One of the tell-tale signs that our culture is rampant with empty selves is the current obsession with celebrities. Well known people provide us with the opportunity to fill our empty souls with the drama surrounding their lavish lifestyles. Surely our hunger for drama points to the fact that we were made to live for something larger than ourselves. Without a transcendent purpose to life, the temptation to sign up for the cult of celebrity is hard to resist.

Monday, February 18, 2008

Losing my manhood, one chick flick at a time

I knew that marriage would change my life but whoa…I think I’ve seen more chick-flicks in the past eight months than the last ten years combined. I can’t even begin to remember the last time I saw a good act of senseless violence on the silver screen.

Here's my rundown of the some of the flicks my bride has forced me to watch, I mean, invited me to enjoy with her:

Enchanted: This movie features a vivacious redhead who spontaneously bursts into song the moment inspiration strikes. In other words, I paid $11 to watch a movie about my wife.

In the ensuing weeks, I endured countless moments of scrutiny regarding whether or not any of my freely offered kisses were “the kiss of true love.”
Rating: one chainsaw

27 Dresses: A film about every wedding but my own. A major testosterone reducer. I could feel the estrogen rising in the movie theater as the film’s opening credits appeared on the screen. 27 hours too long.
Rating: one chainsaw

Pride and Prejudice/Sense and Sensibility: These are listed together because I can’t remember which one I slept through and which one I saw in its entiretly.
Rating: 2 chainsaws (I can’t give Jane just one chainsaw, poor Jane needs an extra one to sell so she can live off the proceeds until the right wealthy suitor comes along).

(Dear God, please spare me from having to sit through the BBC version).

Definitely, Maybe: Two hours of watching a recently divorced man tell his nine year old daughter the story of how he slept around with, I mean, dated three women and finally chose her Mom.
Rating: one chainsaw

Bridget Jones Diary: I can’t remember what it was about. Something about a woman who falls in love.
Rating: no chainsaws

How long ‘til the new Indiana Jones movie is released?

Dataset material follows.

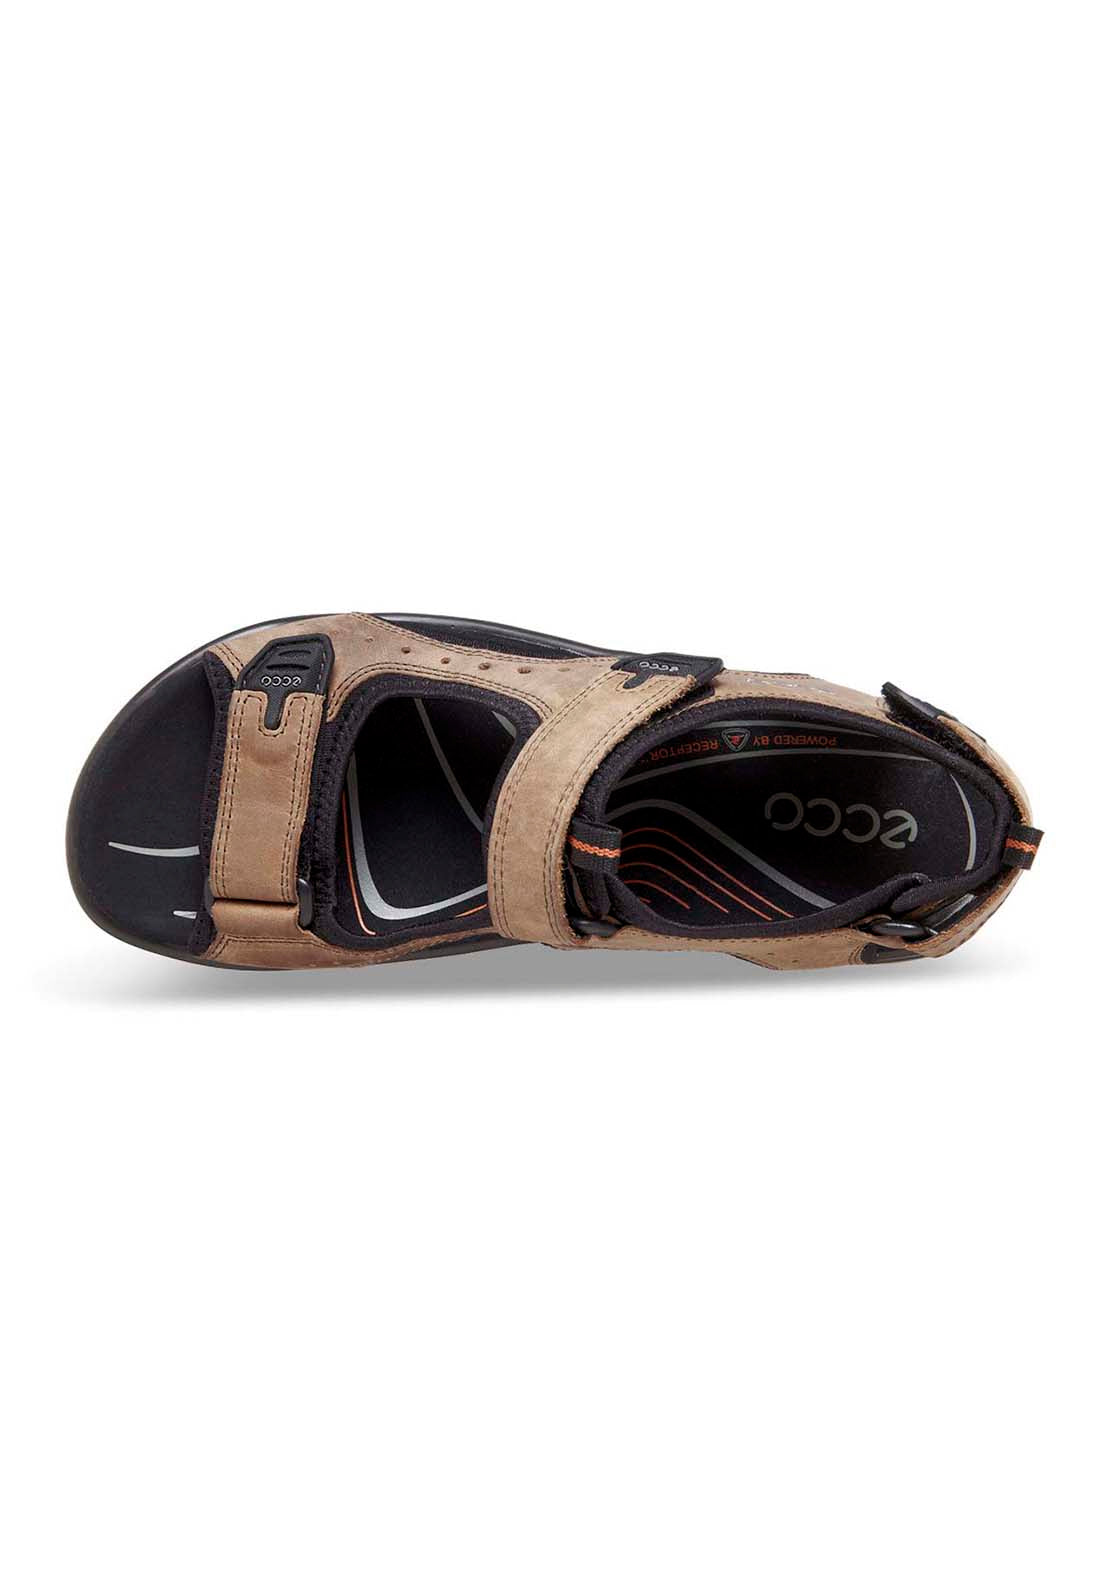 Ecco Offroad Sandal - Brown 3 Shaws Department Stores

Thursday, February 14, 2008

Mandibles pressing together


What exactly, is a kiss?

I looked in the dictionary and found the following entry

Kiss: noun
1: a caress with the lips
2: a gentle touch or contact
3: an expression of affection

My favorite definition of a kiss (tongue firmly planted in cheek) is the following:

“A kiss is two mandibles pressing together for a certain duration of time, with the possible exchange of some digestive fluid”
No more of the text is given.